» **Given material**
= Beginning of Section =

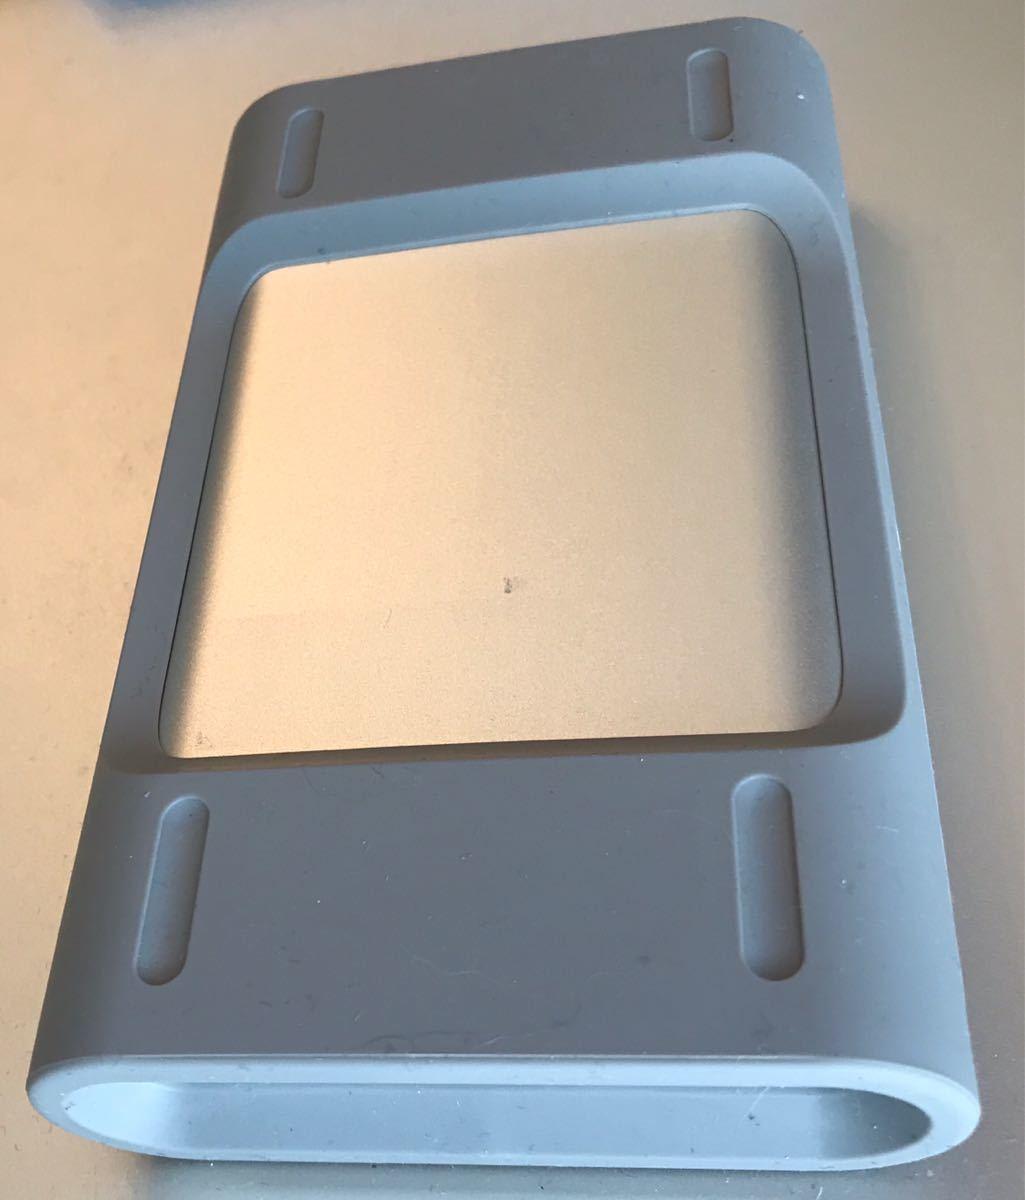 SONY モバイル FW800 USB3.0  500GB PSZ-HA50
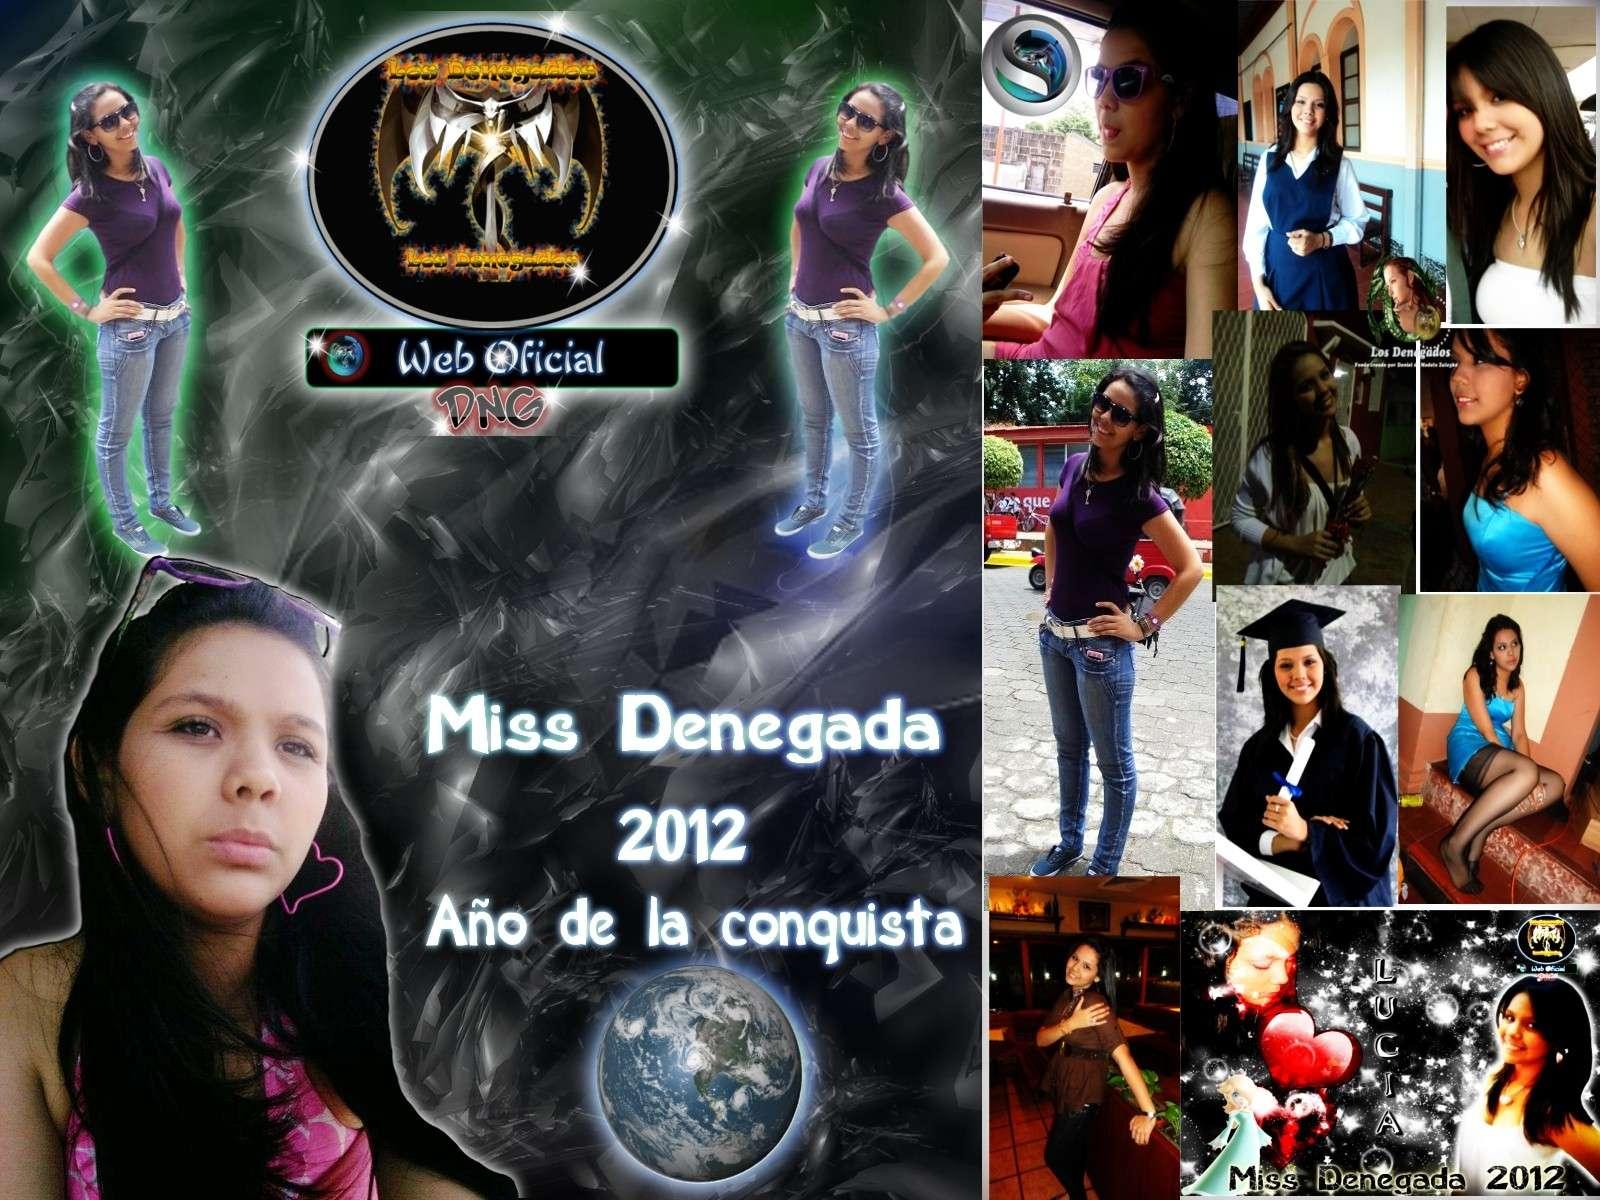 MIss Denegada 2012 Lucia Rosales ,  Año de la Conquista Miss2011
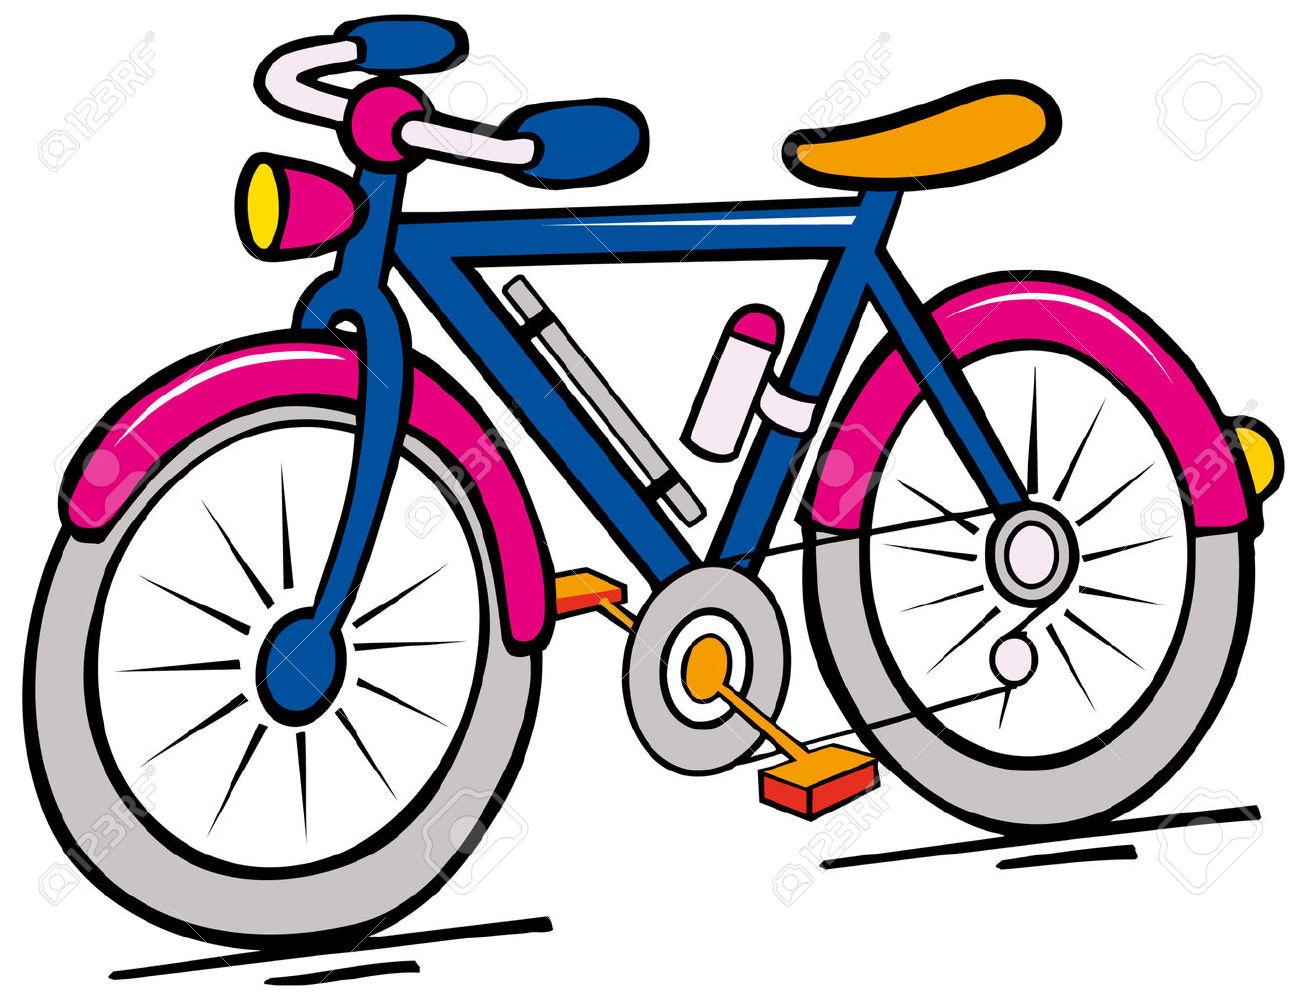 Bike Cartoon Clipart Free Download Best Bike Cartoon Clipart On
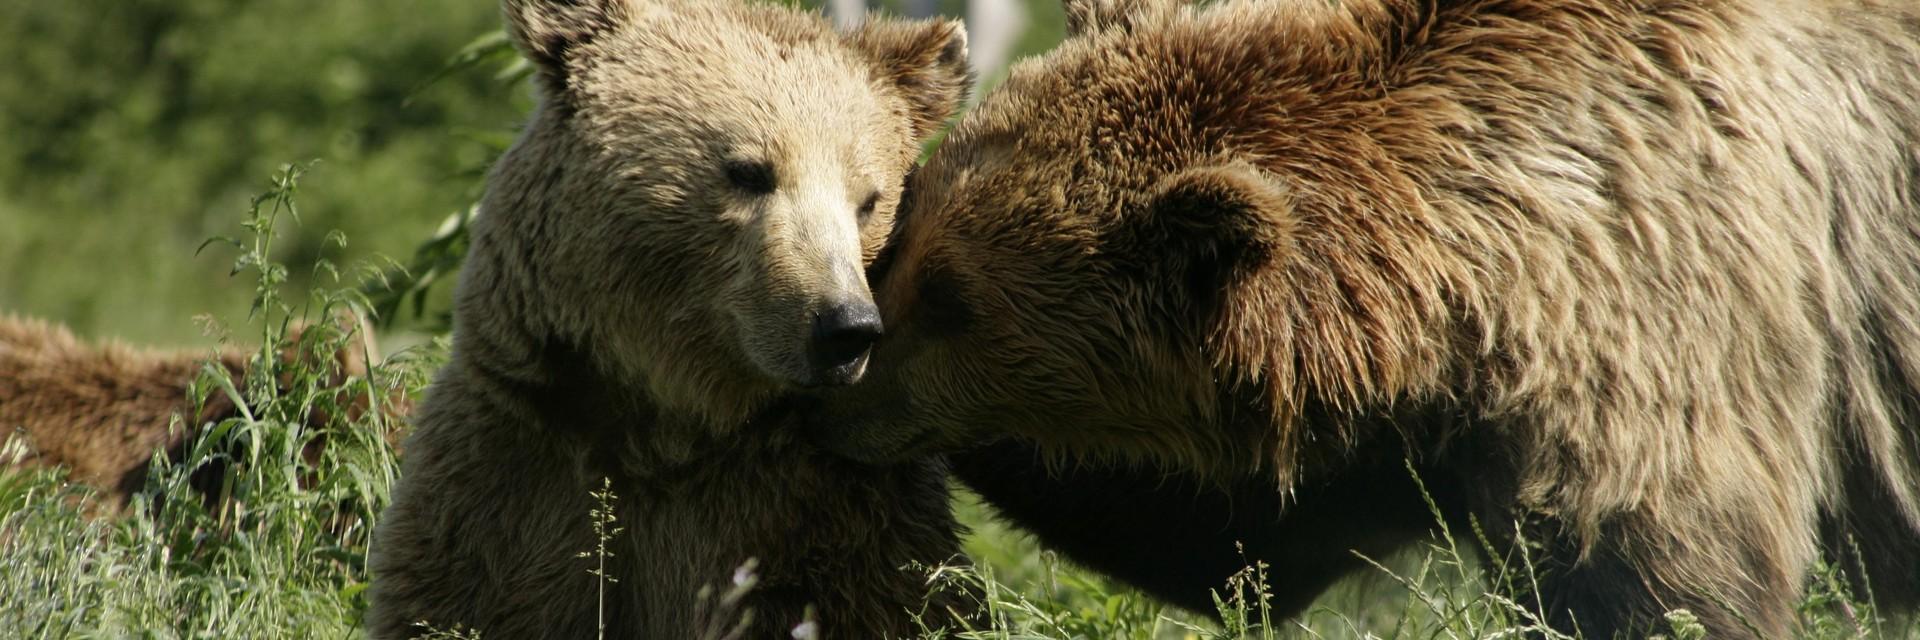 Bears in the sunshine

= End of Section =

» **Your instructions**
Every line of the data above should be returned exactly, with the pictures removed.

» **Response for this exercise**
 SONY モバイル FW800 USB3.0  500GB PSZ-HA50
 MIss Denegada 2012 Lucia Rosales ,  Año de la Conquista Miss2011
 Bike Cartoon Clipart Free Download Best Bike Cartoon Clipart On
 Bears in the sunshine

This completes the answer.